时光枕窗箫凝霜
2017-11-14风飞扬南宫阁
文/风飞扬 图/南宫阁
时光枕窗箫凝霜
文/风飞扬 图/南宫阁
他说他有四条命—“予有四命,各司一时:春以水仙兰花为命;夏以莲为命;秋以秋海棠为命;冬以腊梅为命。无此四花,是无命也”。
说这话的人是李渔,他闻知南京的水仙最好,所以把家安在了南京。有一年,他穷困潦倒,不惜饿着肚子去当首饰,再挑了水仙抱回来。他说,宁可少一年寿命,也不想一个季节没有花陪伴。

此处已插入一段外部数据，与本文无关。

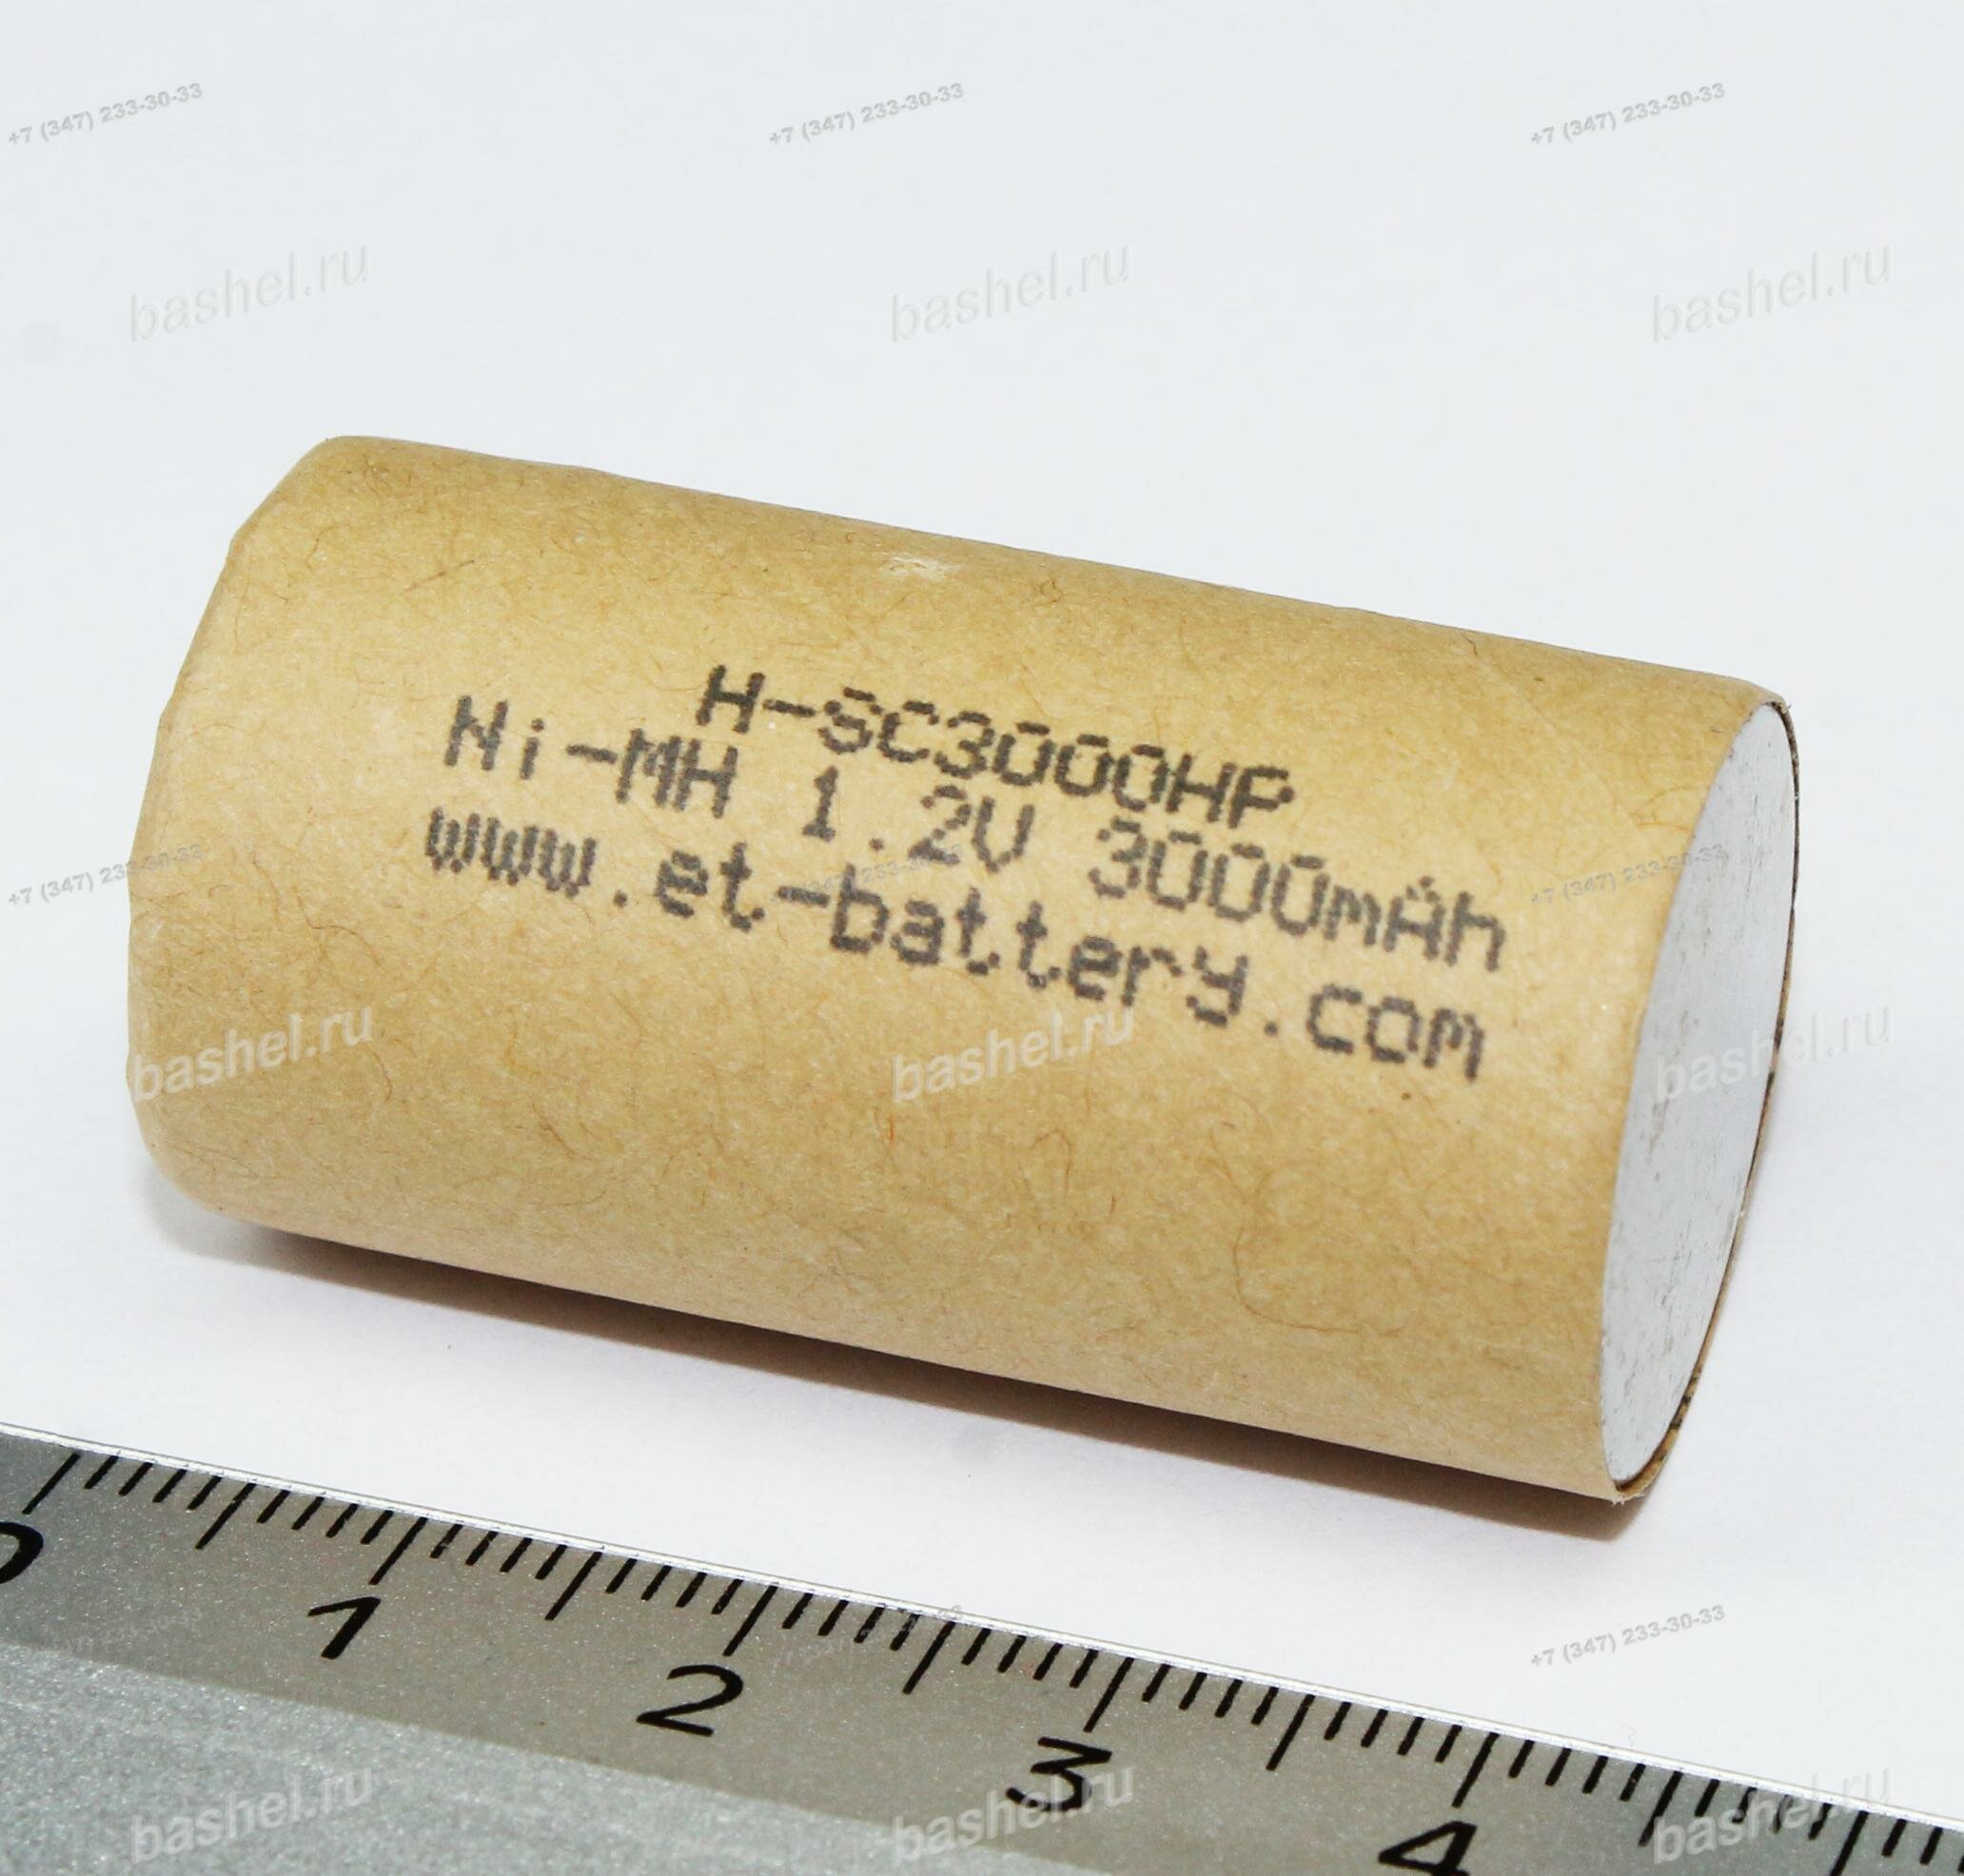 Аккумулятор H-SC3000HP (в картоне) 1,2В, 3000mAh NiMH (23/43)

水仙和幽兰,自古就极受文人喜爱。兰是花中君子,淡泊高雅。水仙纯净临波,有人说它自恋,只喜欢看着自己照在水中的影子,其实它还有一个特点,从不成群开,一枝只开一朵花。一朵花,就是一世界。这也许就是李渔爱它的原因。
说李渔襁褓识字,这话多少有些夸张的成分,但若回过头来看他一身的才学,似乎还是可以信几分的。有些人的一辈子像活过几辈子那么久,他们有前世积累的才情,自己浑然不觉。

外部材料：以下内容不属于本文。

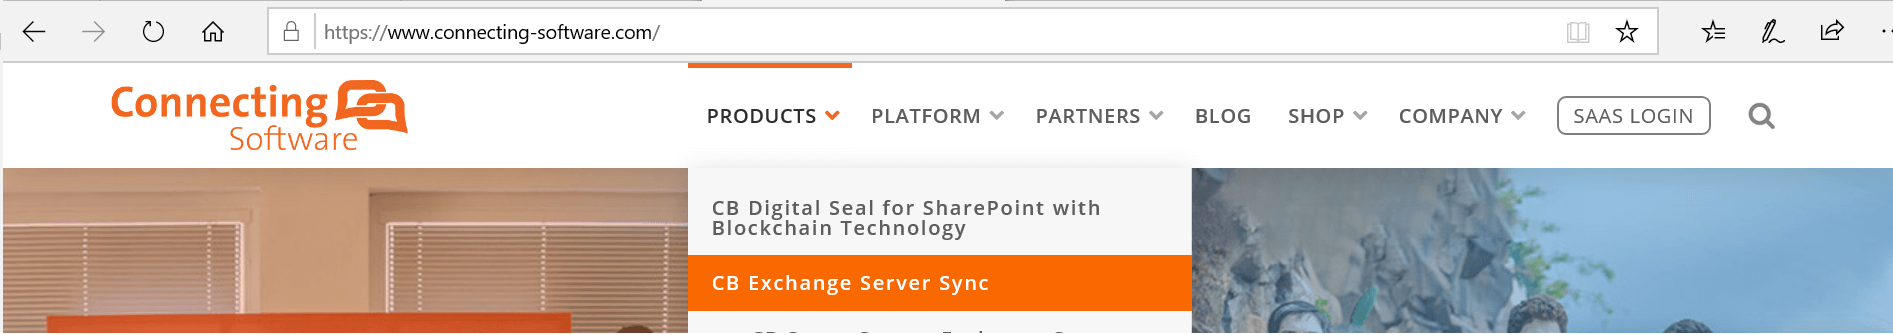 CB Exchange Server Sync in menu

学习对李渔来说是轻而易举的事。他读四书五经过目不忘,总角之年便能出口成章下笔千言。他也勤奋,新字日相催,旧字不相待,时刻告诫自己年华万不可虚度。尽管如此,也没能摆脱落榜的命运,青云之志渺茫得如同幻想。
那年春天,泪眼看桃花,都是血色同心。社会局势动荡不稳,求仕之路忽然变得举步维艰。这个时间的困顿,并不仅仅在于接下来该怎样往前走,而是不敢回忆。寒夜孤灯,酷暑蝉鸣,捧书度过了多少三伏三九,以为离功成名达相差的就是一段从考场出来的时间,从没想过还要跨越人心的长度。
他的小楷写得再潇洒,论道再精准,却入不了阅卷人的眼。满腹才情和一身抱负,在轻飘飘的纸上,没有任何分量。于是,十多年的刻骨和从未更移过的目标,如今都不得不以怀疑的目光重新审视,人生的路向前看成了空,向后看,似乎还是空。
李渔提杯叹息,封侯事,干脆从此不提。
那时,正逢春寒料峭,还不是花开时候。而与李渔相对的水仙,正在暖阁里开得嫣然自顾。外面是风刀还是霜剑,与他没有关系,只要还有一个温暖的地方可以存身,它就一定会开出一室雅致。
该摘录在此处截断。